*Exercise instructions*. There is one span to output from the data below: the lines starting at the line with "21-23 Mayıs 2008" and ending at the line with "Ver en modernos". Output it exactly, ends included, nothing more.

*Data extracts*.
BEGIN
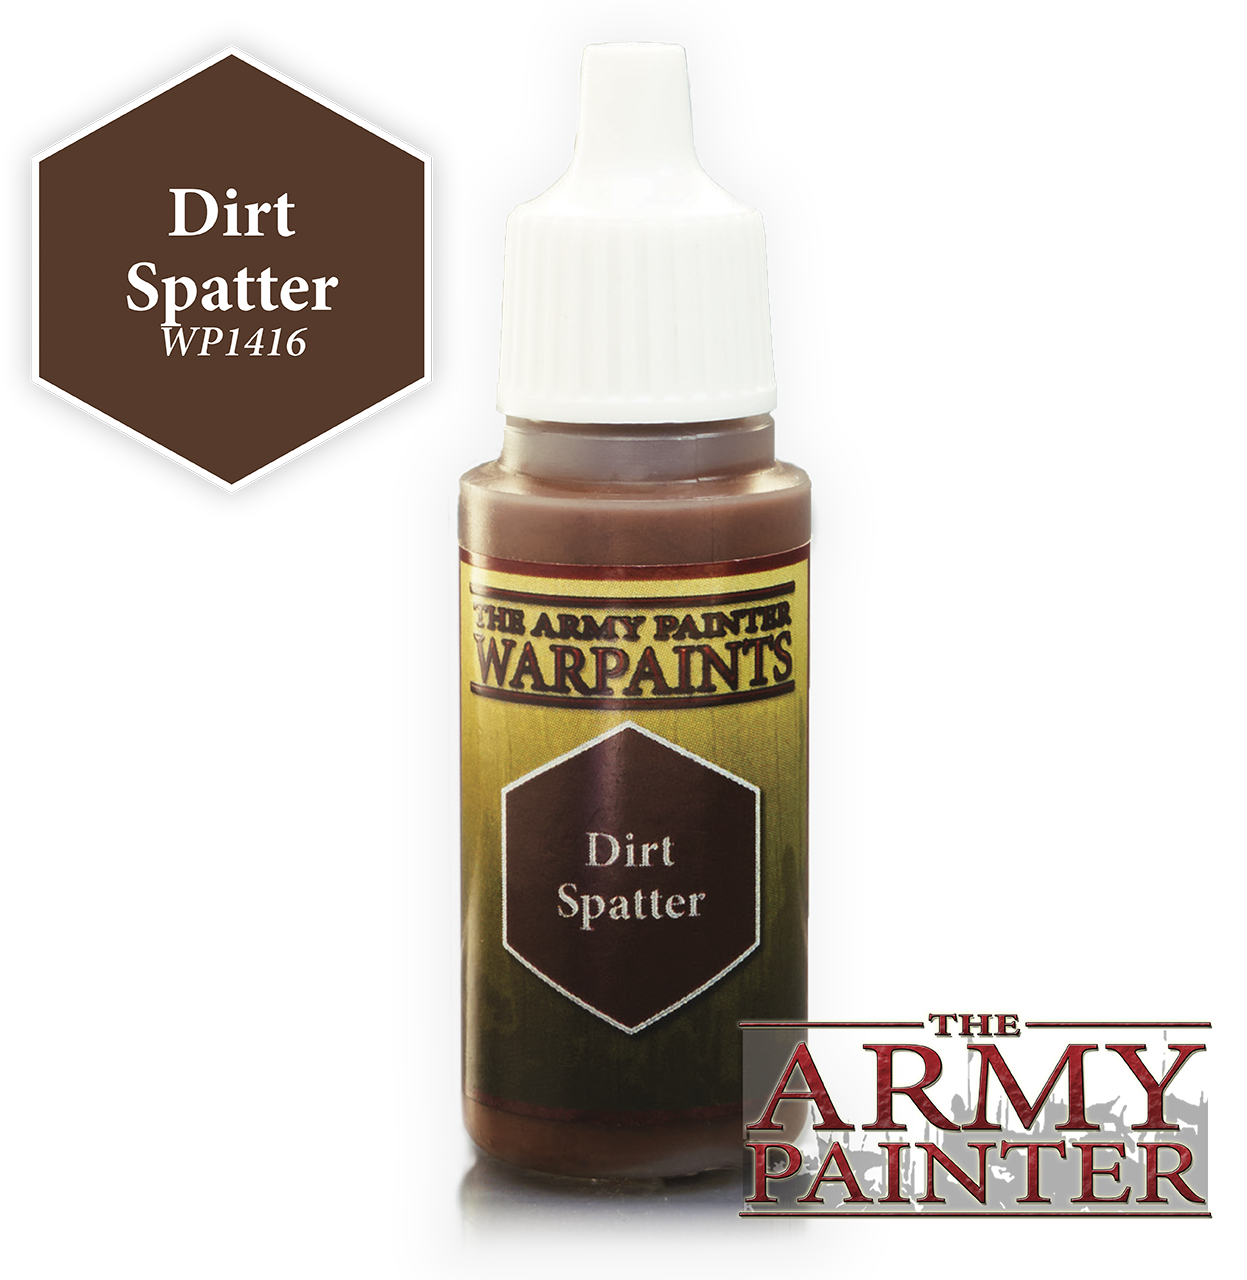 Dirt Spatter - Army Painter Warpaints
END
BEGIN
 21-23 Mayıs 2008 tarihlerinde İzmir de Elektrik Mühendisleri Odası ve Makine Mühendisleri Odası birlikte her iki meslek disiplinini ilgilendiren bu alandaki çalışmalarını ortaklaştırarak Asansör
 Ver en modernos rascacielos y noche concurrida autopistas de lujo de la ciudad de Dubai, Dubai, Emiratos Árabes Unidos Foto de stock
END
*Answer area*.
 21-23 Mayıs 2008 tarihlerinde İzmir de Elektrik Mühendisleri Odası ve Makine Mühendisleri Odası birlikte her iki meslek disiplinini ilgilendiren bu alandaki çalışmalarını ortaklaştırarak Asansör
 Ver en modernos rascacielos y noche concurrida autopistas de lujo de la ciudad de Dubai, Dubai, Emiratos Árabes Unidos Foto de stock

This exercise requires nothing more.